- [What is needed] What you write should be an exact repeat of the lines from the one with "soccer, Usain Bolt" through the final line below, minus the pictures.

- [Provided material]
━━━━
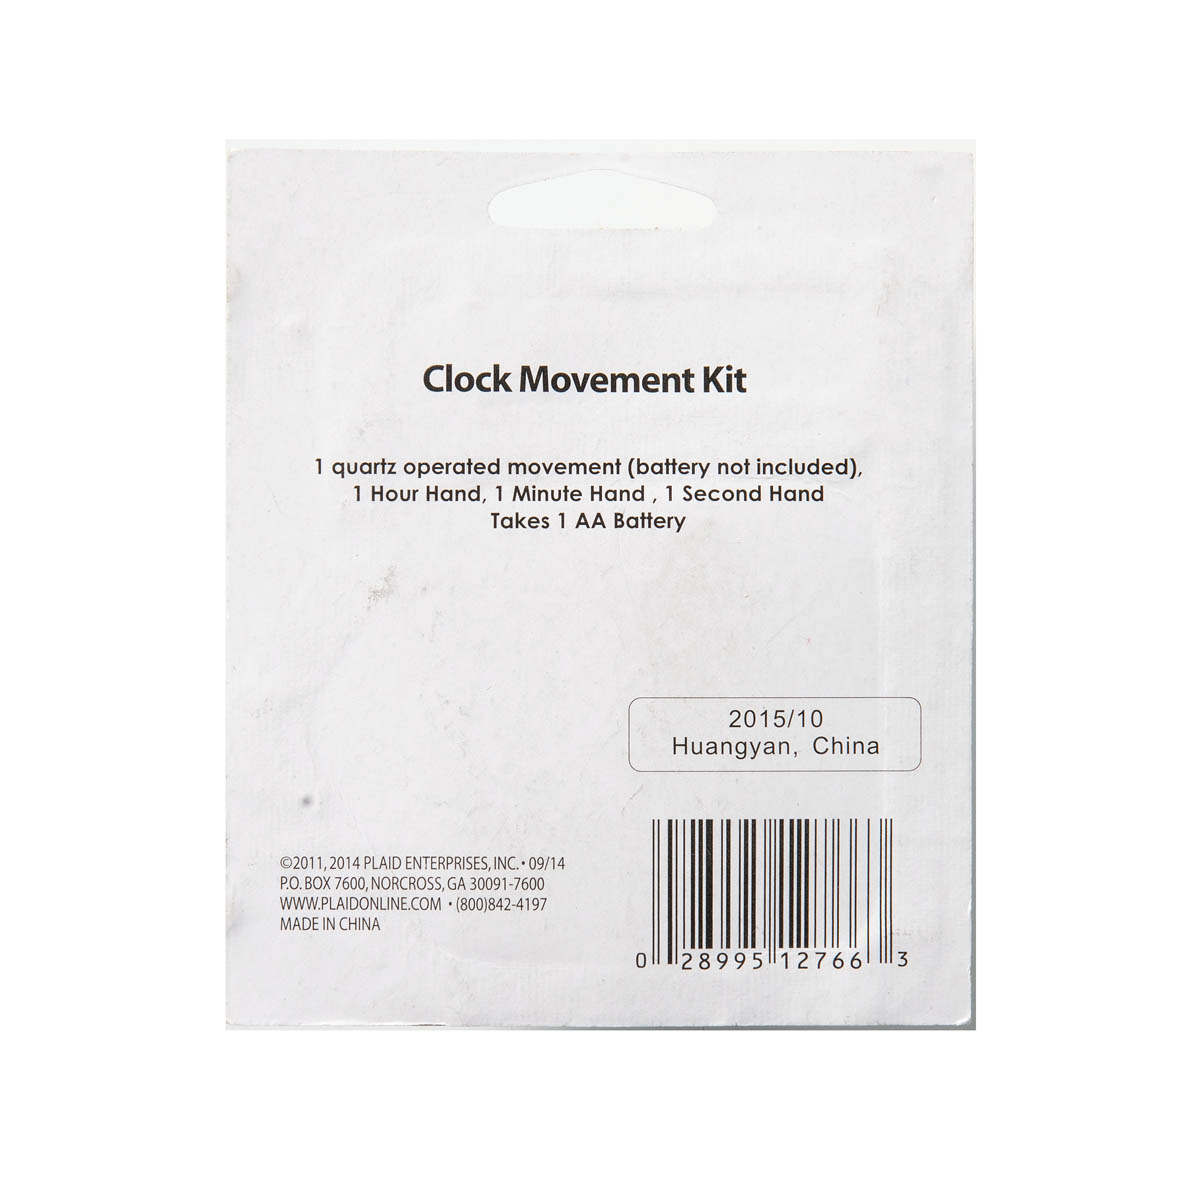 Plaid ® Wood Surfaces - Accessories - Clock Movement Kit, 4 pieces
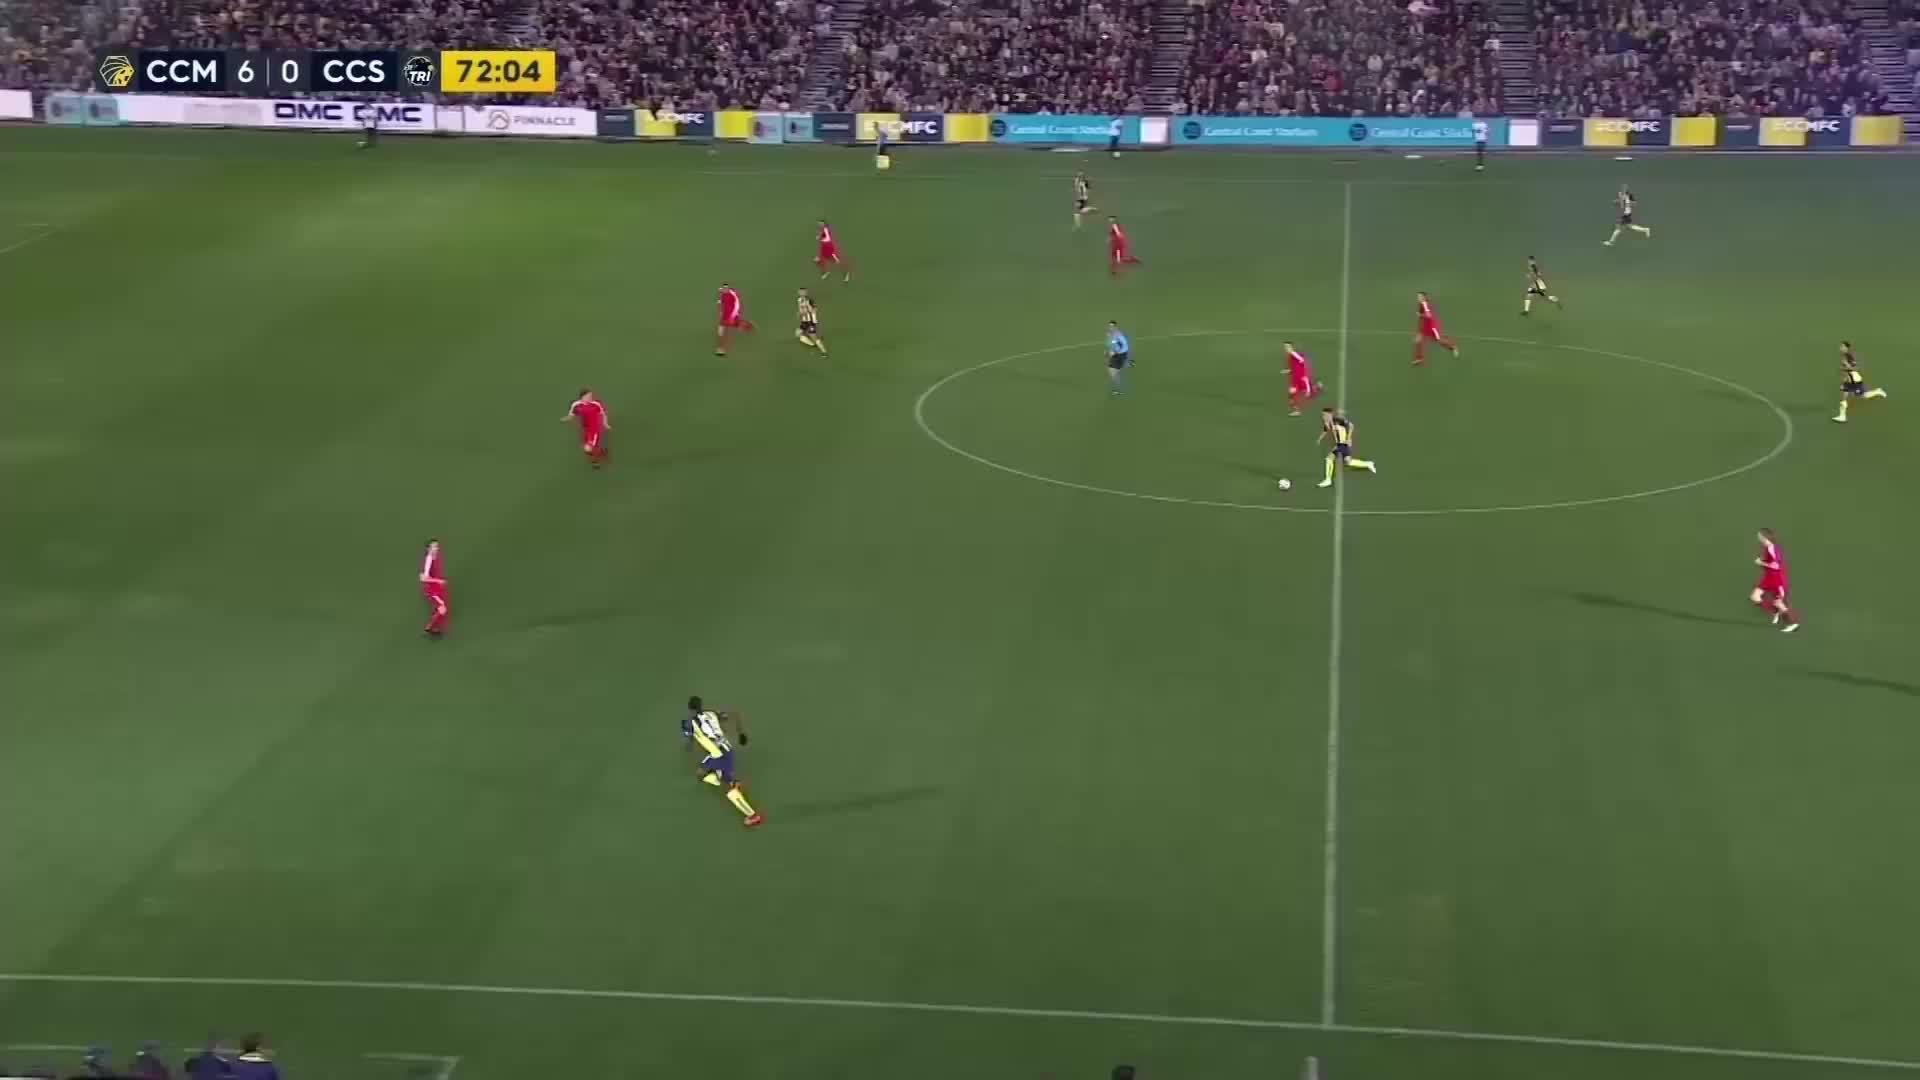 soccer, Usain Bolt - Central Coast Mariners GIFs
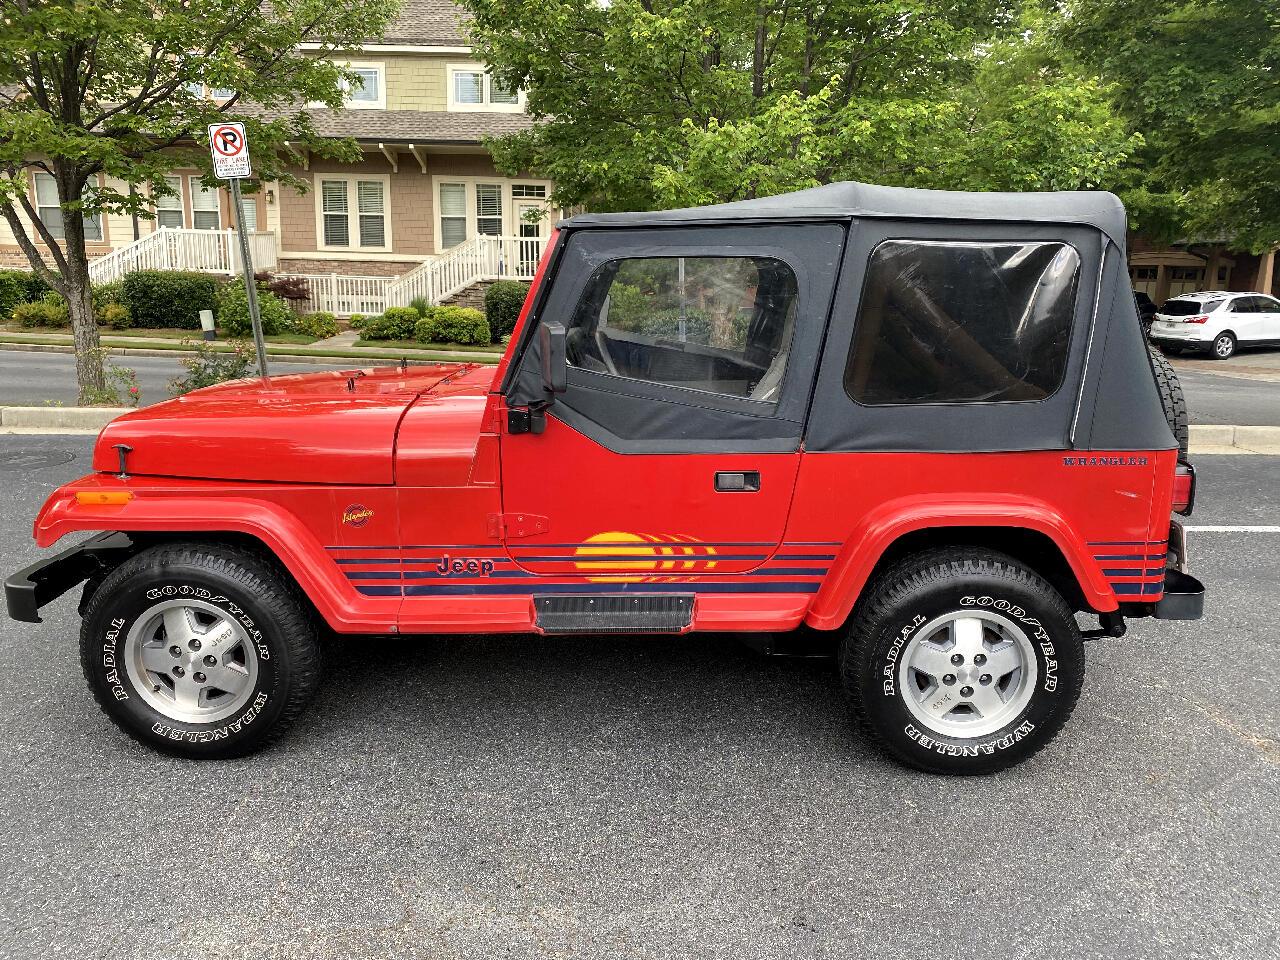 Jeep Wrangler Islander Soft Top 1989
━━━━
- [Answer for the task]
 soccer, Usain Bolt - Central Coast Mariners GIFs
 Jeep Wrangler Islander Soft Top 1989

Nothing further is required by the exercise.